BLBG: Yen, Dollar Fall as Signs of Eased Slump Reduce Safety Demand
The yen and dollar fell against all of their major counterparts on speculation the global economy has seen the worst of its slump, sapping demand for a refuge.
The dollar and yen dropped for a second day against the euro as a report showing a plunge in the U.S. economy also indicated smaller stockpiles may set the stage for a return to growth in the second half of the year.
“The dollar is under pressure as the safe-haven flow is unwinding,” said Sebastien Galy, a currency strategist at BNP Paribas Securities SA in New York. “It points to more risk taking.”
The yen weakened 1 percent to 128.05 per euro at 9:26 a.m. in New York, from 126.79 yesterday. Japan’s currency slid 0.4 percent to 96.79 versus the dollar from 96.45. The dollar declined 0.6 percent to $1.3230 per euro from $1.3149.
U.S. gross domestic product decreased at an annual rate of 6.1 percent in the first quarter, after shrinking 6.3 percent in the final three months of 2008, the Commerce Department reported today in Washington. The median forecast of 71 economists surveyed by Bloomberg was for a decrease of 4.7 percent.
Companies trimmed stockpiles at a $103.7 billion annual rate last quarter, the biggest drop since records began in 1947. Excluding the reduction, the economy would have contracted at a 3.4 percent pace.
The Federal Reserve will keep its target lending rate in a range of zero to 0.25 percent at today’s conclusion of a two-day meeting, a separate Bloomberg survey showed. Policy makers will announce their decision at 2:15 p.m. in Washington.
Dollar Versus Euro
The dollar plunged 3.4 percent against the euro on March 18 as traders speculated the Fed’s purchase of up to $300 billion in Treasuries would debase the currency. It was the biggest drop in the greenback since the euro’s 1999 debut.
The euro rose earlier against the dollar and yen after an index of executive and consumer sentiment in the 16 nations that use the single currency increased to 67.2, the first increase since May 2008. The April reading was up from 64.7 in March.
The German economy, Europe’s biggest, will return to growth next year after its steepest decline since World War II, the government said today in an e-mailed statement. The economy will grow 0.5 percent in 2010 after contracting 6 percent this year, the government said.
The euro may be a “lot higher in 12 months” against the dollar as the U.S. is “engaging in a policy mix that will effectively debase” its currency, Citigroup Inc. said.

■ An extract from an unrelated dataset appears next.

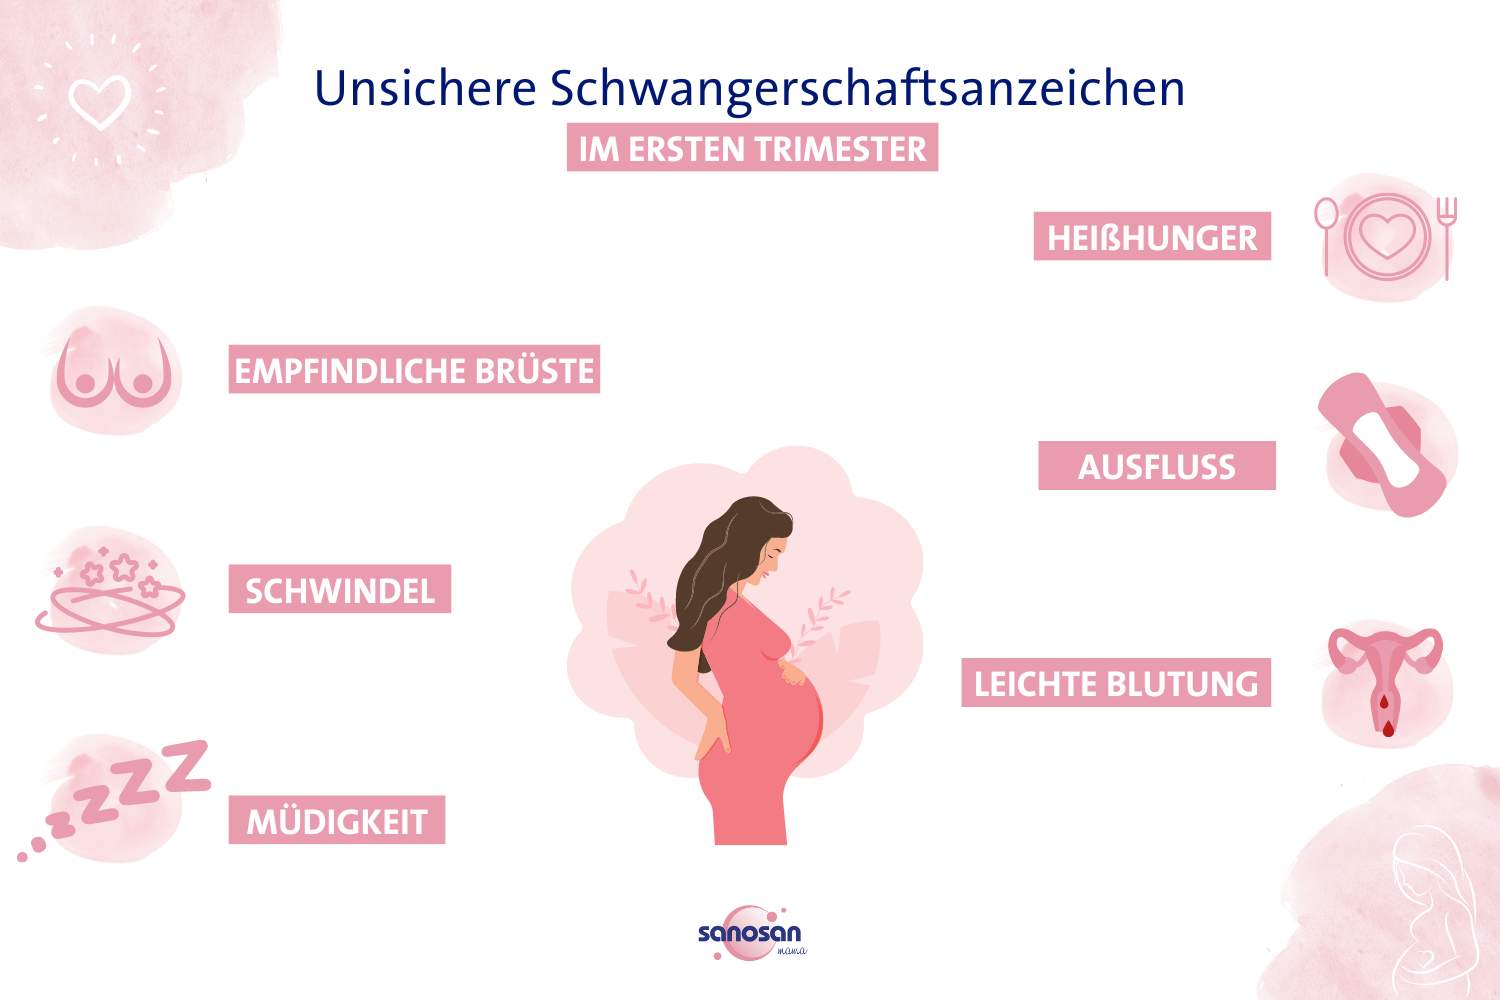 Unsichere Schwangerschaftsanzeichen - erste Symptome und Anzeichen einer Schwangerschaft

The dollar will weaken because the Fed “has eased rates more than the European Central Bank will and the U.S. has been more aggressive fiscally than the euro zone will be,” New York- based Tom Fitzpatrick and London-based Shyam Devani wrote in a note yesterday.
‘Debase the Dollar’
“The net result will effectively debase the dollar,” which is “not necessarily a bad thing,” Citigroup said.
The pound gained 0.5 percent to $1.4708 and 0.9 percent to 142.44 yen as better-than-expected earnings spurred gains in stock markets.
“Equity markets and stock futures are in positive territory,” said Masashi Kurabe, head of currency sales and trading at Bank of Tokyo-Mitsubishi UFJ Ltd. in Hong Kong. “This is causing selling of the yen.”
The Dow Jones Stoxx 600 Index added 1.1 percent, while the FTSE 100 Index of U.K. stocks gained 1.1 percent. The Standard & Poor’s 500 Index was 0.2 percent higher. The MSCI World Index rose 0.7 percent.
Siemens Profit
Operating profit at Siemens AG’s industry, energy and health-care units climbed to 1.84 billion euros ($2.43 billion) from 1.29 billion euros, the Munich-based company said today. Analysts in a Bloomberg survey predicted 1.65 billion euros.
DreamWorks Animation SKG Inc., the maker of ‘Shrek’ movies, said first-quarter profit more than doubled on theatrical and home-video sales from “Madagascar: Escape 2 Africa.”
Japan’s currency fell for the first time in nine days versus the South Korean won after the Bank of Korea said the current-account surplus, the broadest measure of trade, swelled to $6.65 billion last month, almost doubling from February. New Zealand’s exports surged 17 percent from the prior month, the first back-to-back increase since December 2007, the statistics bureau said.
“Overall the data are slightly more positive,” said Lee Wai Tuck, a currency strategist at Forecast Pte in Singapore. “This is weighing on the yen and the dollar.”